During his first stint with the company, Potter worked his way up the ranks and when the late Dave Pickerell left his role as master distiller, he was named assistant master distiller.

However things changed dramatically for Potter in 2009 when Jim Beam bought Maker’s Mark and Cruzan rum in the British Virgin Islands, and Beam wanted someone to help run the show in the Caribbean.

“I thought it was incredible to move to the Caribbean, but as soon as I told my wife she started crying – not happy tears, she was happy here [Bardstown, Kentucky]. But it’s important to step out of your comfort zone and doing the company a favour like that I believe has led me to where I am today.”

Potter spent three years living in St Croix and he now misses the island lifestyle. “I’ve got a picture in my office of a little island we used to go to at the weekends – it was paradise.

“The culture is family driven and friendly because it’s such a small island and it meant we could go for cocktails and our kids could be there playing with their friends on the beach at the same time.

“They asked me to be general manager for three years at Cruzan, so me and my family moved to St Croix with the idea that I’d come back to Maker’s Mark after.” But he didn’t go back. Jim Beam moved him to its Frankfort distillery in Kentucky to look after more rum and some vodka and told him he’d be there for a year. “About six months in, having to drive nearly an hour and a half each way every day, they said they needed me for two more years.”

But as luck would have it, Potter got a phone call from Heaven Hill a week later asking him to be plant manager and run the distillery. He took the role straight away and, after a year, took on the role of master distiller – the first non-Beam family member to fill the post, which is one of the biggest master distiller jobs in the US.

In 2016 Potter became vice president of operations as well as master distiller. “It was a huge deal and I absolutely loved working there, especially being so close with the Shapira family [Heaven Hill’s owners] and the scope of my responsibility.

“But I think the role of master distiller is just for marketing. We have 20 people at Maker’s who are master distillers in terms of their technical understanding and hands-on approach, but having the title of master distiller gives you weight and it means people listen to me.”

In June 2018 he received a text message from Rob Samuels, third-generation family member of Maker’s Mark. “I just thought it had a project it wanted to work on together, but when I phoned him that night he began to give me the story of Maker’s Mark’s history and I said: ‘Rob, I know this story. What are you getting at?’”

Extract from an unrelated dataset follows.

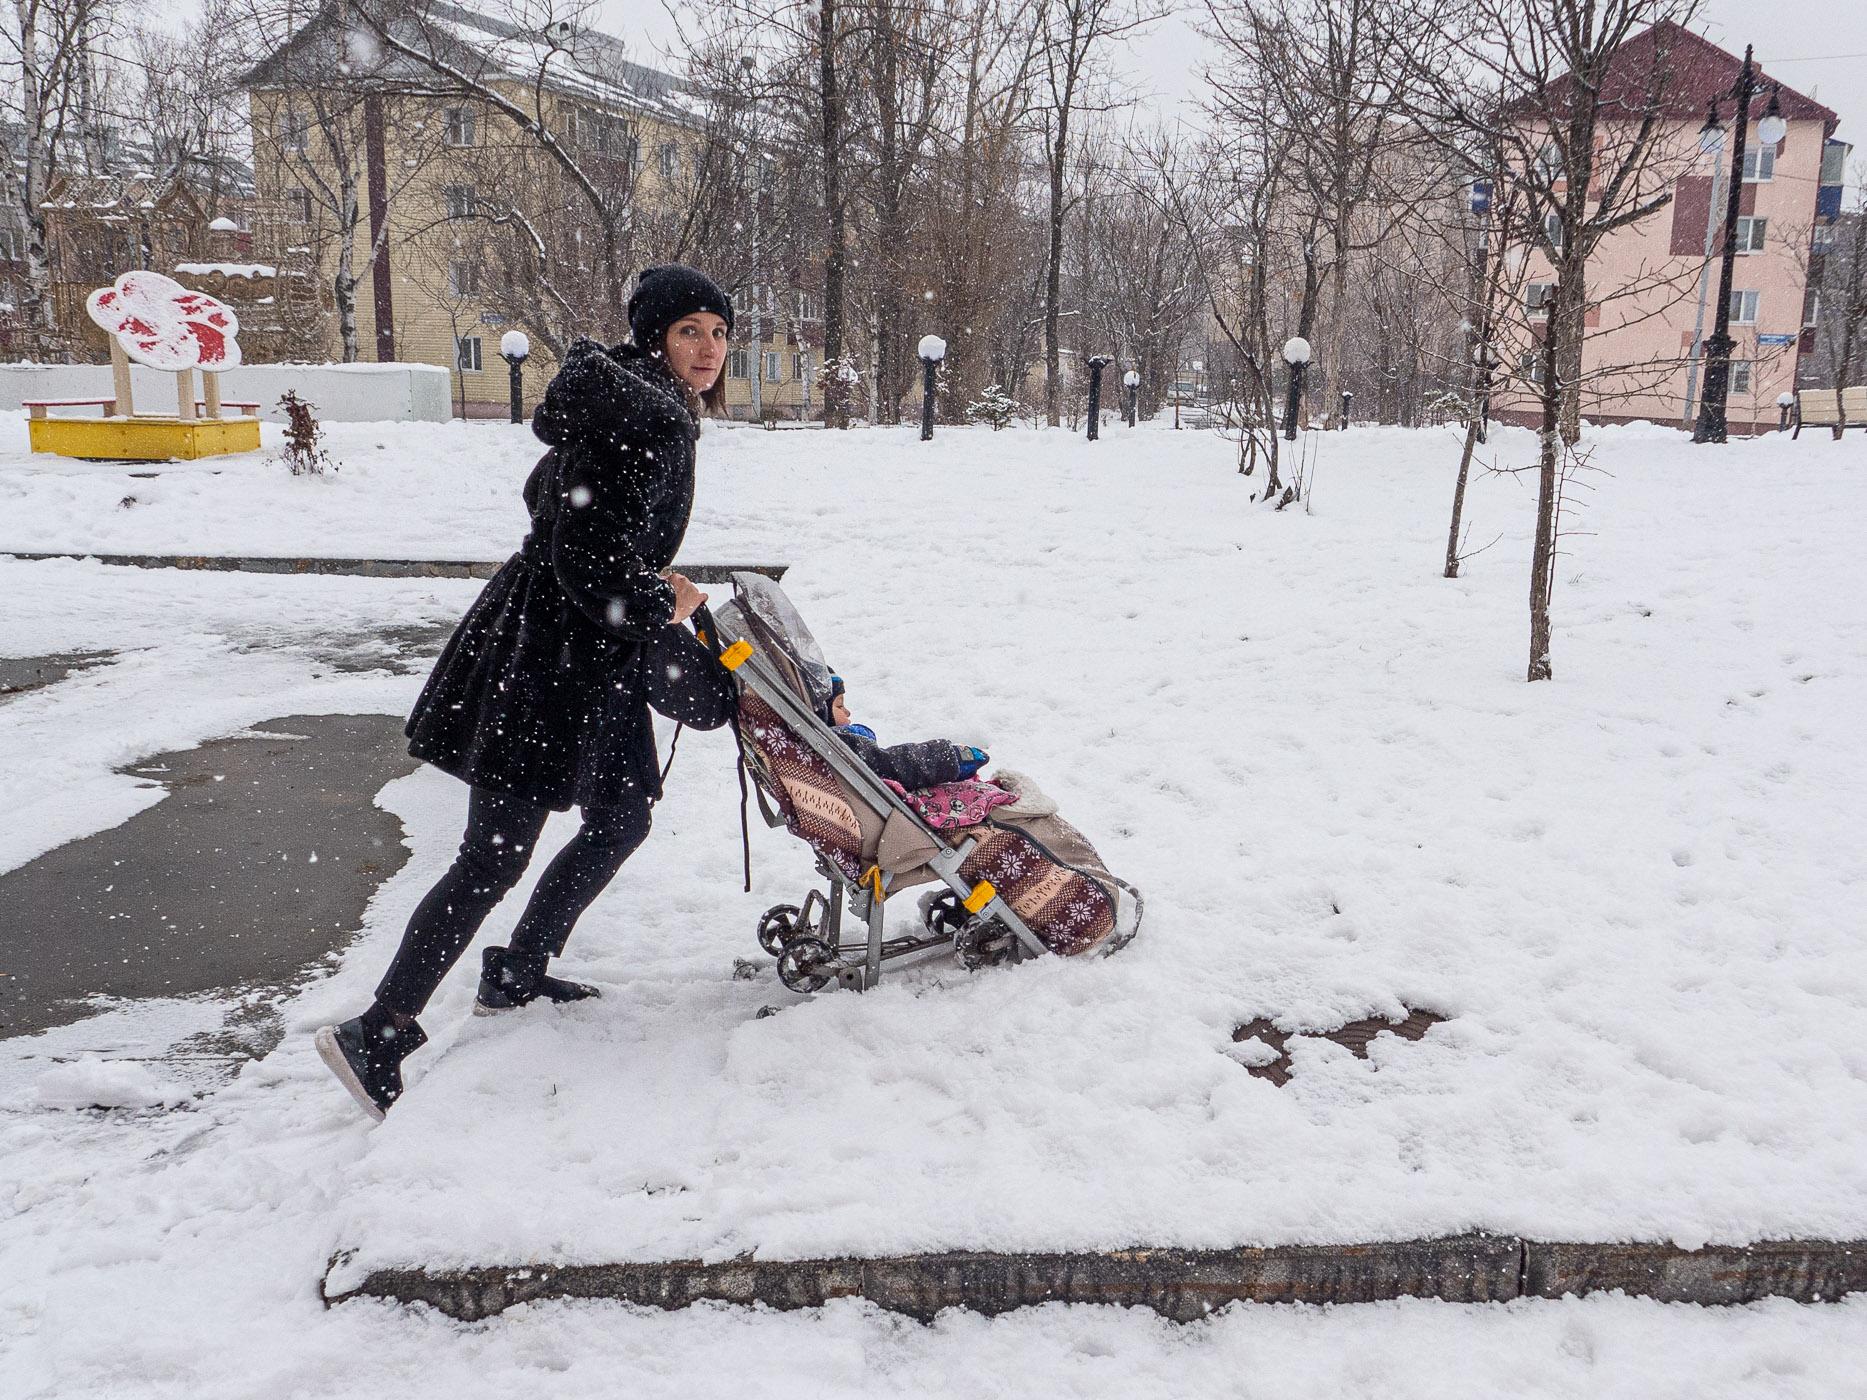 ユジノサハリンスクで見かけたベビーカー

Samuels offered him the job of general manager and master distiller at Maker’s and his first day was on October 1, 2018.

“If somebody had said a year ago I would leave Heaven Hill I’d have laughed in their face. I’m sure some people probably think I’m an idiot for leaving such a phenomenal company, but there’s something about Maker’s Mark that’s special, that you can’t replicate. The culture and operations of this brand are genuinely unique.”

But being in charge of such an operation is nothing compared to looking after and coordinating the active lives of two children. “The kids are both heavily involved with sports so one of my biggest challenges is trying to be a calm spectator, and now that football season is over the blood pressure has dropped a little bit.

“I usually have to sit separate from my wife because she worries so much about safety that it makes me worry.”

Although it’s still early doors, it’s clear Potter intends to be an intrinsic part of Maker’s Mark long into the future.